-- SOURCE MATERIAL follows --
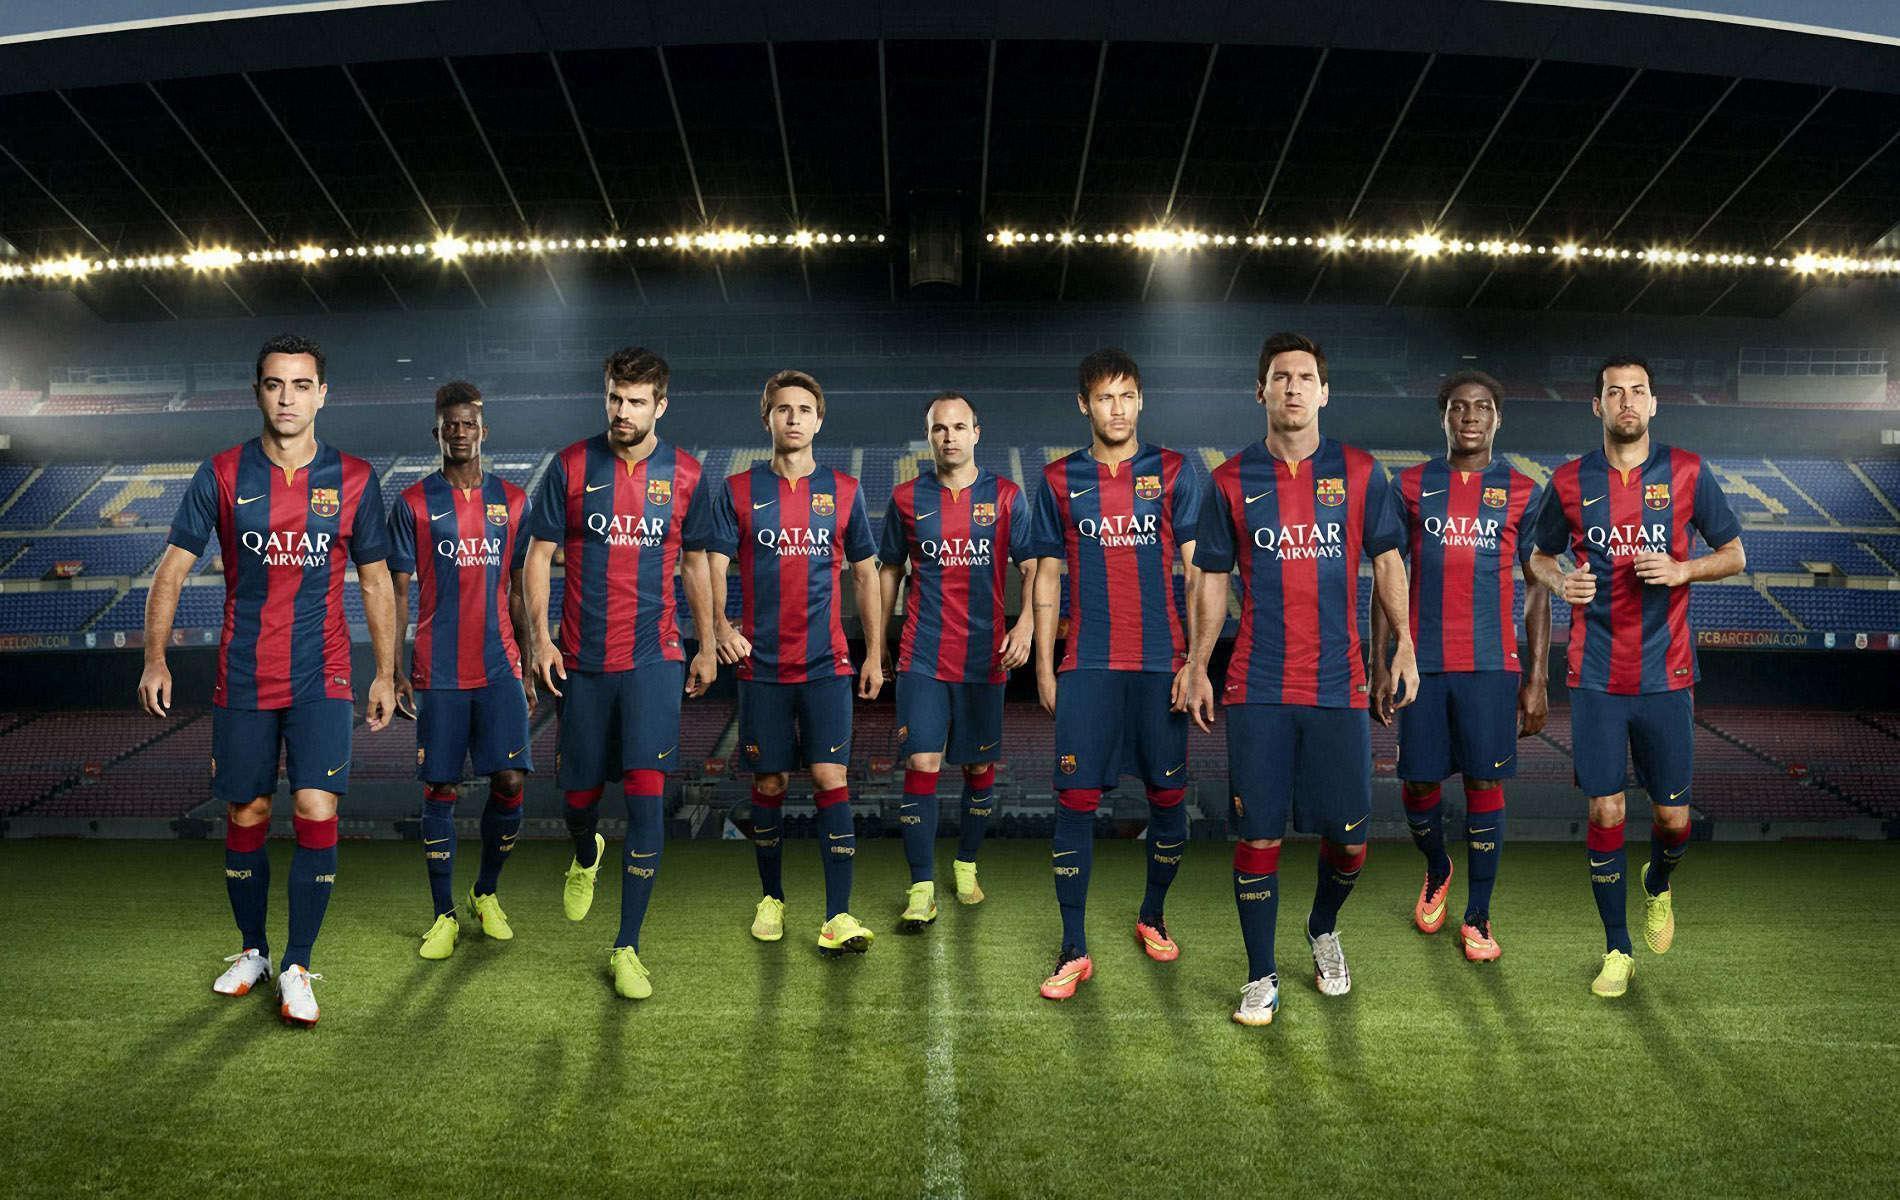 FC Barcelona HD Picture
-- SOURCE MATERIAL concluded --
-- SOURCE MATERIAL follows --
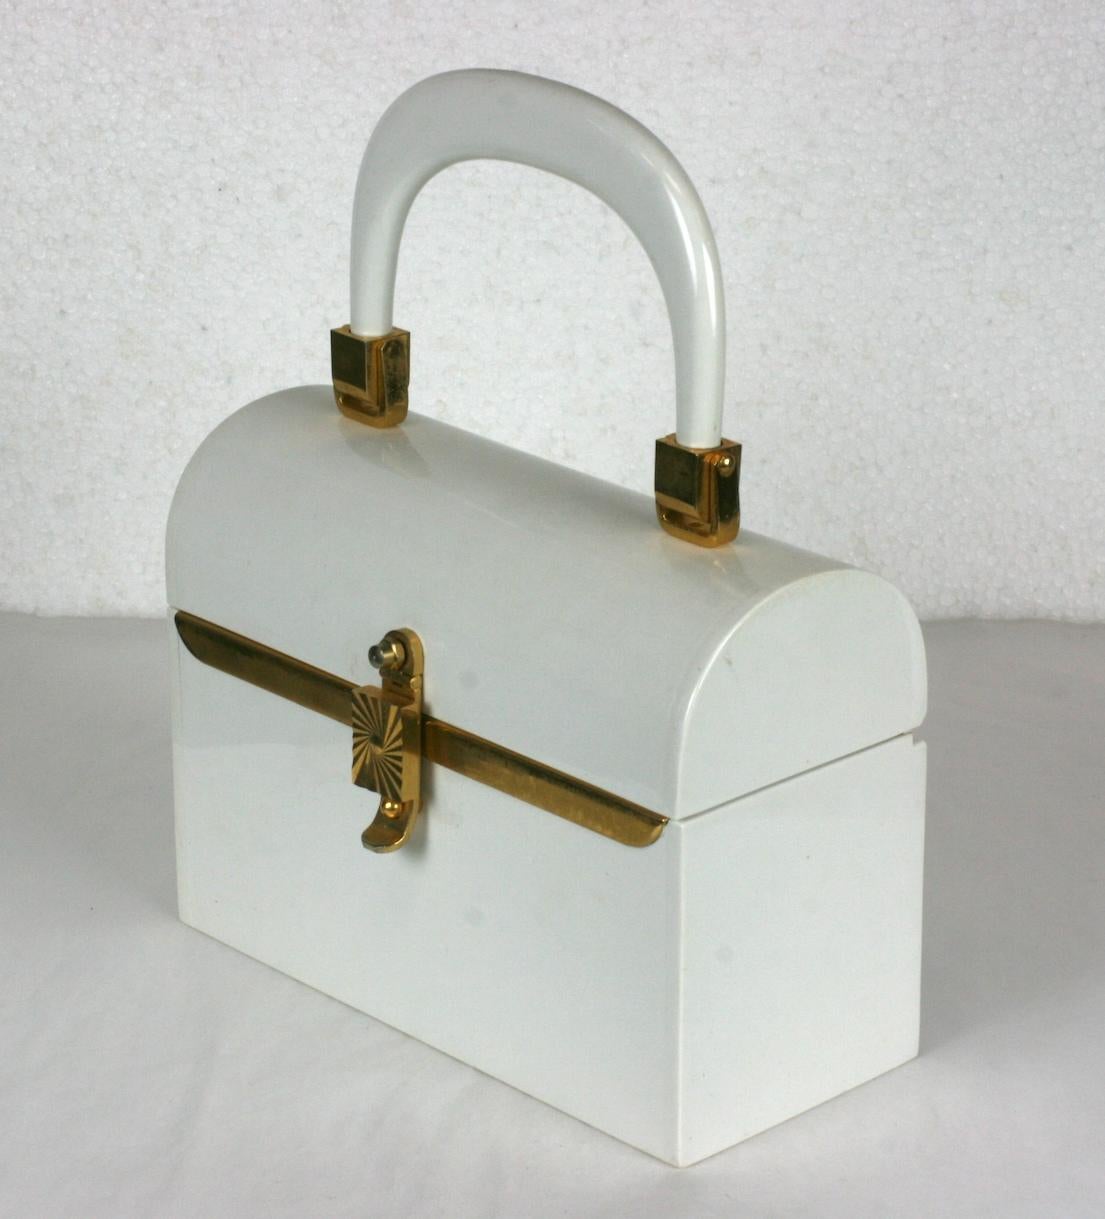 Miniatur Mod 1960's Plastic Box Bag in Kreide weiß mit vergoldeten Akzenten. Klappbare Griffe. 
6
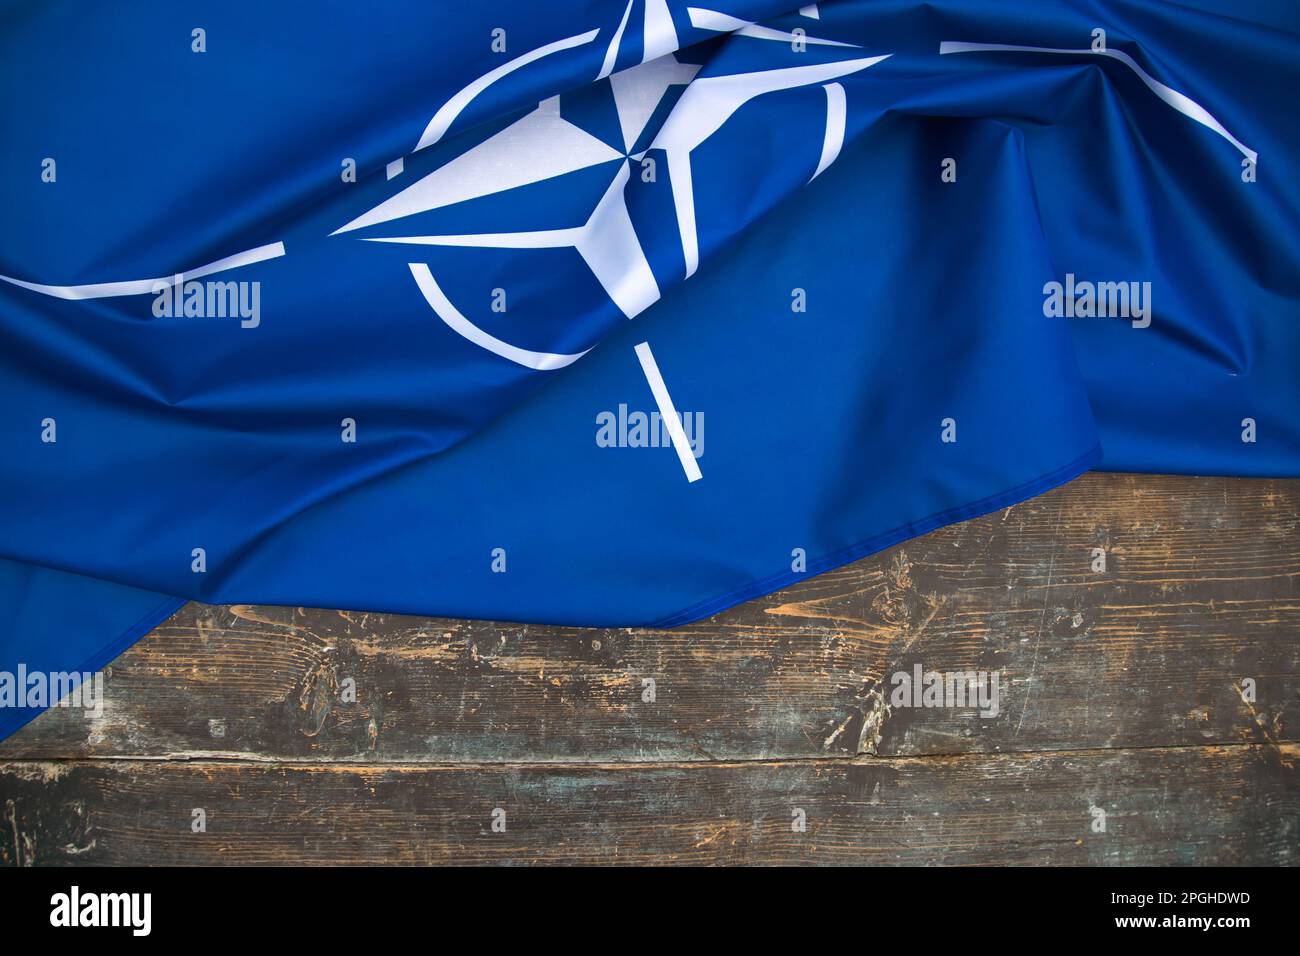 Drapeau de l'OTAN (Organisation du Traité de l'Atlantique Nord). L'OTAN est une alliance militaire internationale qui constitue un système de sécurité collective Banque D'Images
-- SOURCE MATERIAL concluded --
-- SOURCE MATERIAL follows --
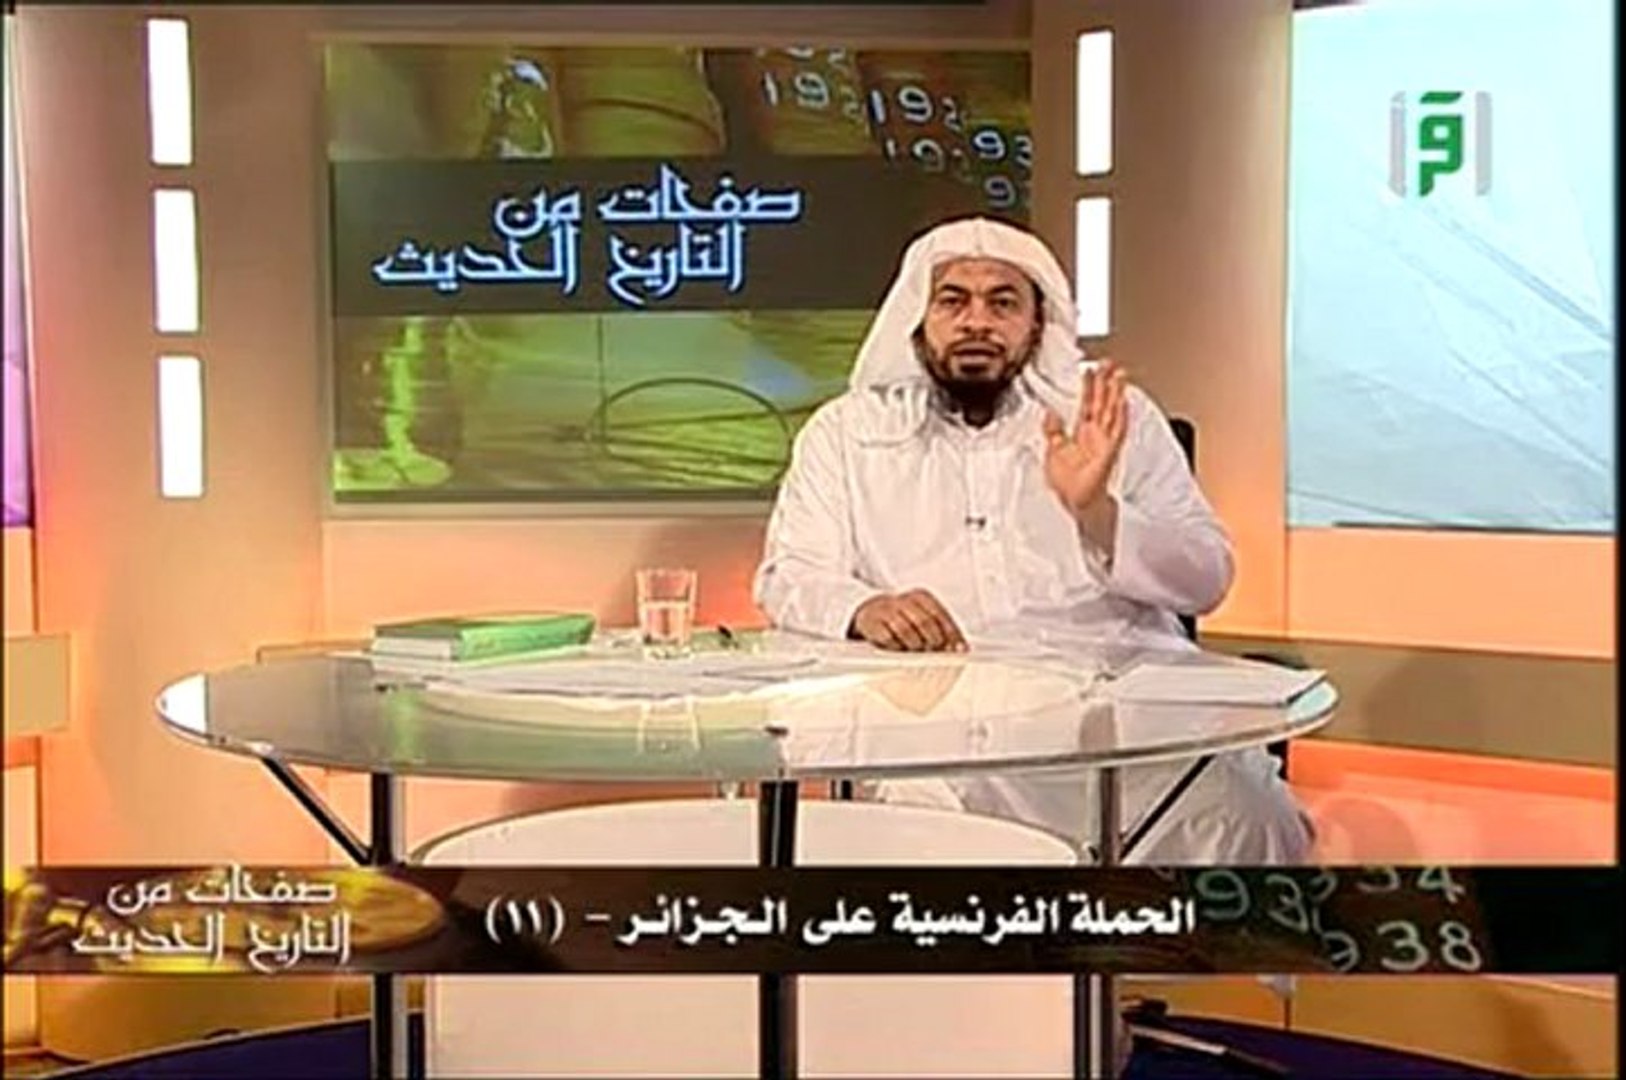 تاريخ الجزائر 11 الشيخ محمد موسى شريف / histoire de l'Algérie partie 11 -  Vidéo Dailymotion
-- SOURCE MATERIAL concluded --
**ABOUT THIS EXERCISE:** Both the line above containing "Miniatur Mod 1960's" and the line containing "Drapeau de l'OTAN" belong in the copy, along with every line between them; print these exactly and omit the pictures.

**EXERCISE SOLUTION:**
 Miniatur Mod 1960's Plastic Box Bag in Kreide weiß mit vergoldeten Akzenten. Klappbare Griffe. 
6
 Drapeau de l'OTAN (Organisation du Traité de l'Atlantique Nord). L'OTAN est une alliance militaire internationale qui constitue un système de sécurité collective Banque D'Images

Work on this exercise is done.